Positive reinforcement is one thing. As incomplete at the larger theory of Behaviorism may be, positive reinforcement works (and raises few serious ethical dilemmas). Aversive therapy is something else. Does it work? Can I extinguish an undesirable behavior (like, say, name calling) in a mentally impaired teenager by shocking them whenever they do it? Sure. It works with white rats and with monkeys, too. But does efficiency alone make it acceptable? Even in an environment where everyone is sincerely concerned for the welfare of the child and there are no other agendas, human judgment is sometimes flawed and behavior is sometimes more complicated than it appears.
The biggest problem with Behaviorism is simple; it functions on the assumption that what goes on inside a child's head is irrelevant - mostly because it can't be observed.

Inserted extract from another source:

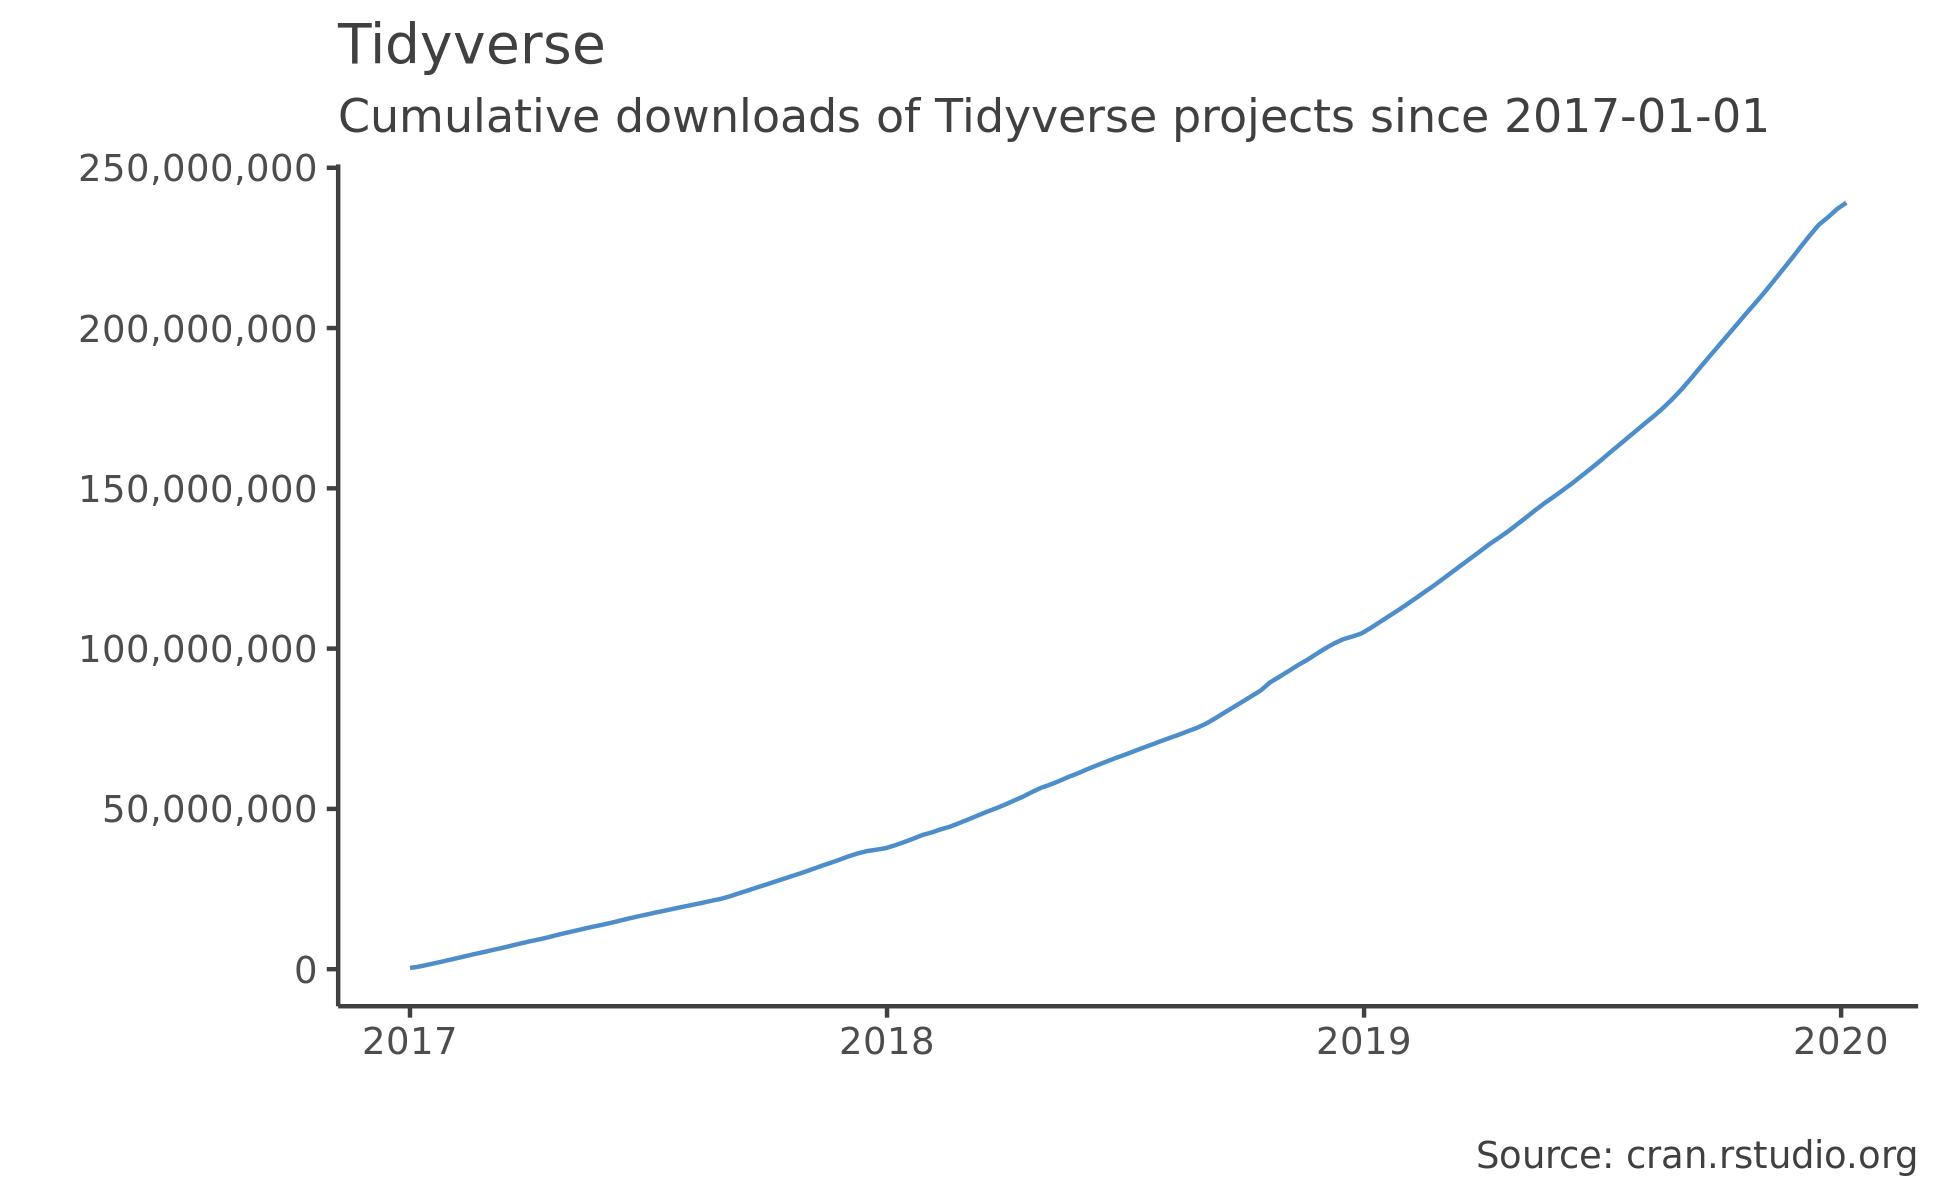 Tidyverse graph
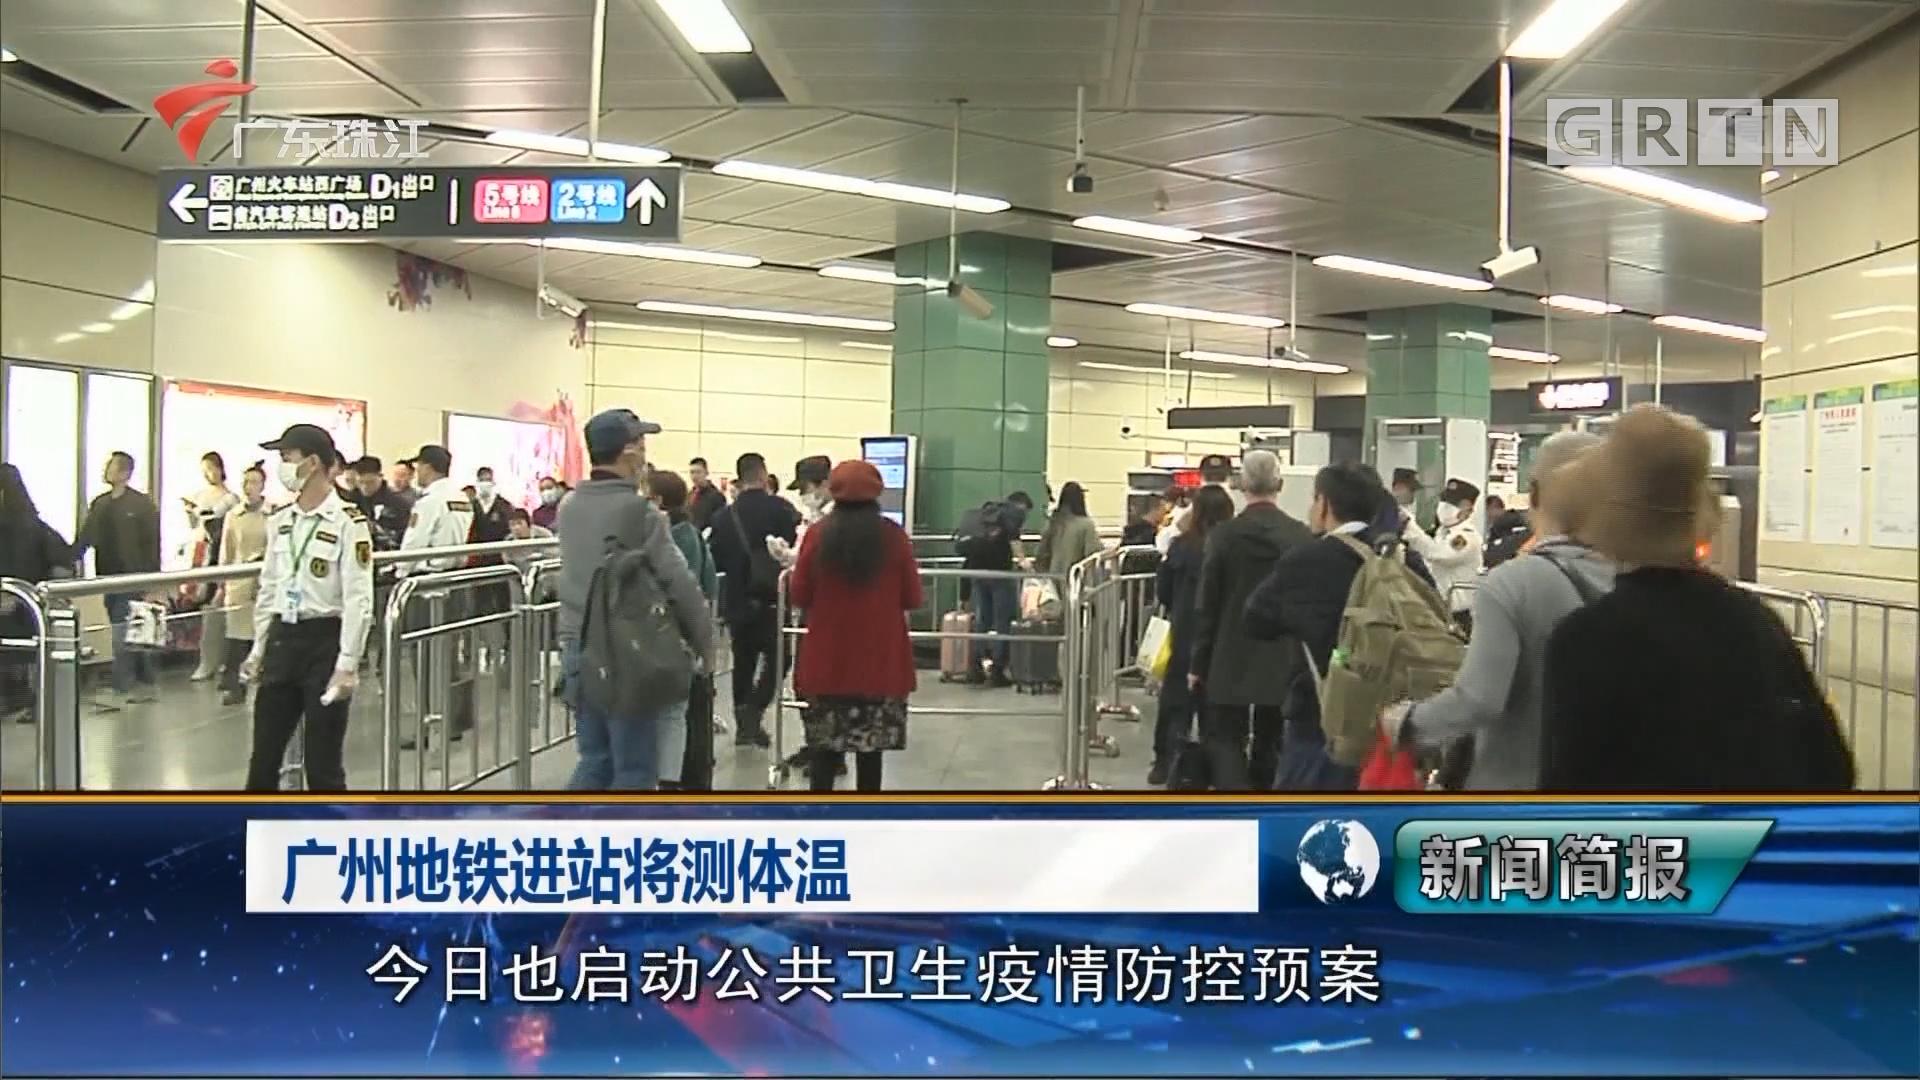 广州地铁进站将测体温

But the opposite is probably more true. Mental states, emotions, and thought processes are more important to long term success with a student than Behaviorism accounts for.
The important questions in this debate are not about learning itself; they are about ethics. We shouldn't be asking if aversive therapies work. We should be asking if this is something we do to other people whether it works or not.
I agree with the words of Leo Sarkissian, executive director of the Association of Retarded Citizens of Massachusetts quoted in the Boston Globe: "We don't do this to prisoners in the criminal justice system, so we shouldn't be doing it to people with disabilities."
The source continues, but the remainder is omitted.